In this paper, we deduce a new multivariate regression model designed to fit correlated binary data. The multivariate distribution is derived from a Bernoulli mixed model with a nonnormal random intercept on the marginal approach. The random effect distribution is assumed to be the generalized log-gamma (GLG) distribution by considering a particular parameter setting. The complement log-log function is specified to lead to strong conjugacy between the response variable and random effect. The new discrete multivariate distribution, named MBerGLG distribution, has location and dispersion parameters. The MBerGLG distribution leads to the MBerGLG regression (MBerGLGR) model, providing an alternative approach to fitting both unbalanced and balanced correlated response binary data. Monte Carlo simulation studies show that its maximum likelihood estimators are unbiased, efficient, and consistent asymptotically. The randomized quantile residuals are performed to identify possible departures from the proposal model and the data and detect atypical subjects. Finally, two applications are presented in the data analysis section.

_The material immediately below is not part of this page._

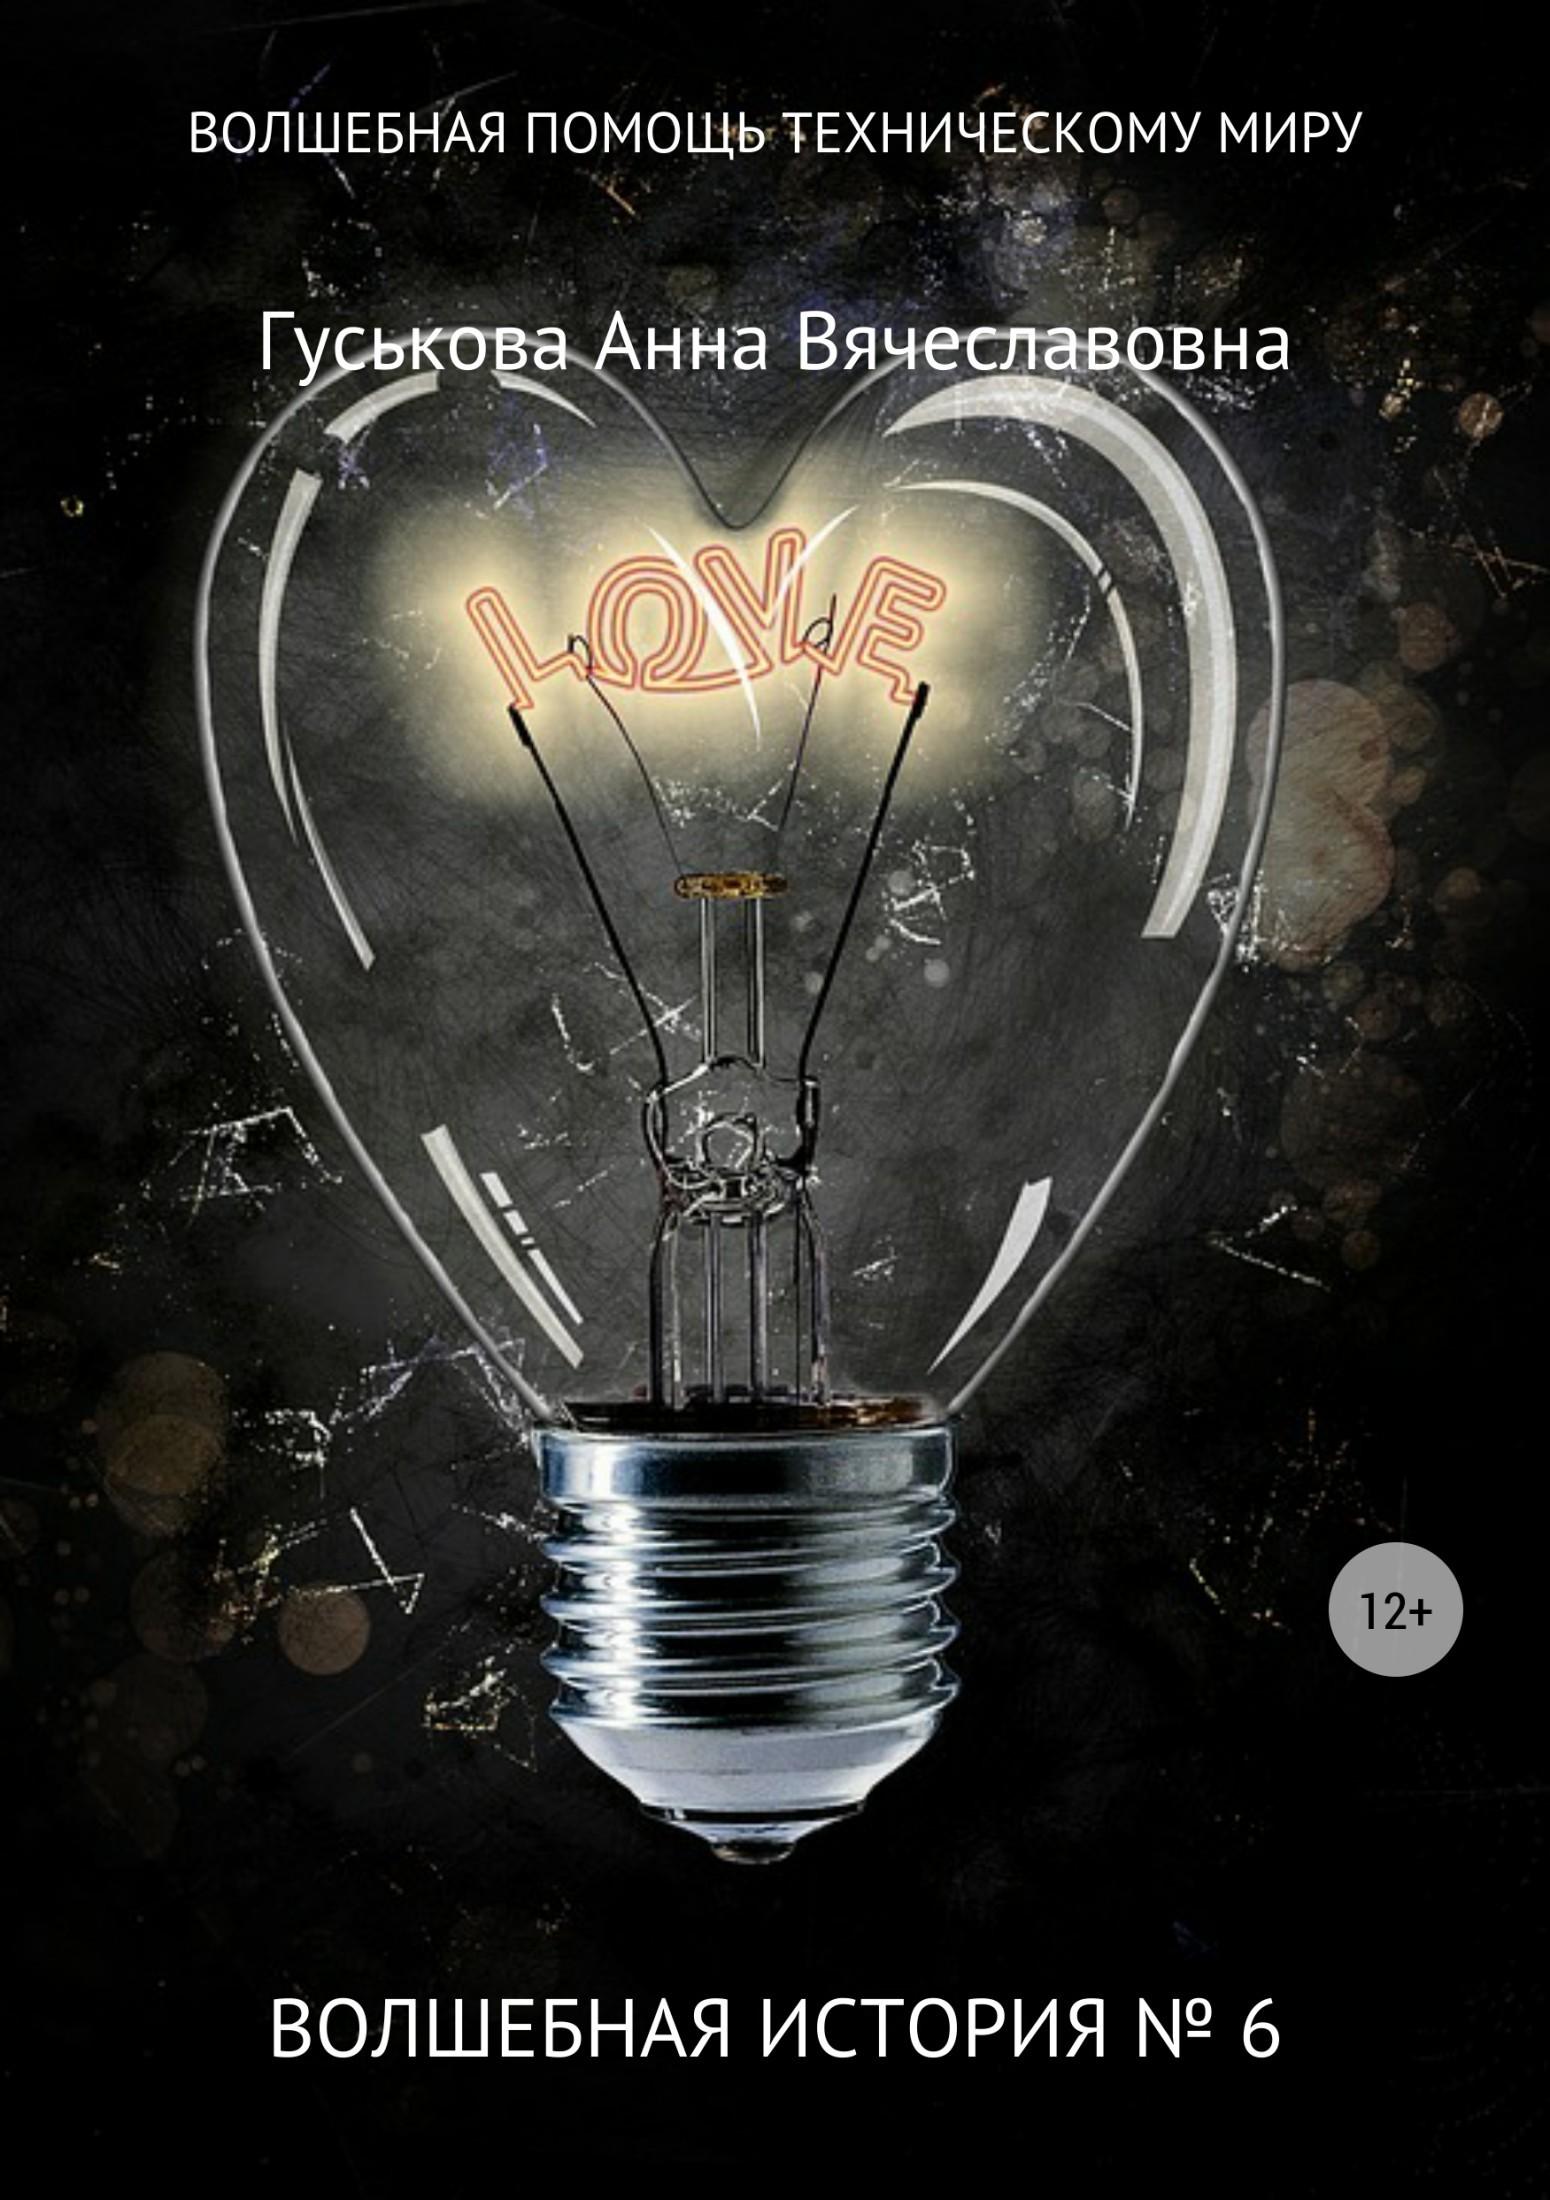 Волшебная история № 6. Волшебная помощь техническому миру

翻译：本文推导了一种新的多元回归模型，旨在拟合相关的二值数据。该多元分布源自基于边际方法的、具有非正态随机截距的伯努利混合模型。通过考虑特定的参数设置，假设随机效应分布为广义对数伽马（GLG）分布。指定补对数-对数函数以实现响应变量与随机效应之间的强共轭性。这种新的离散多元分布被命名为MBerGLG分布，具有位置参数和离散参数。MBerGLG分布进一步导出了MBerGLG回归（MBerGLGR）模型，为拟合非平衡及平衡的相关响应二值数据提供了一种替代方法。蒙特卡洛模拟研究表明，其最大似然估计量是无偏、有效且渐近一致的。采用随机化分位数残差来识别可能偏离所提模型及数据的情况，并检测异常个体。最后，在数据分析部分展示了两个应用实例。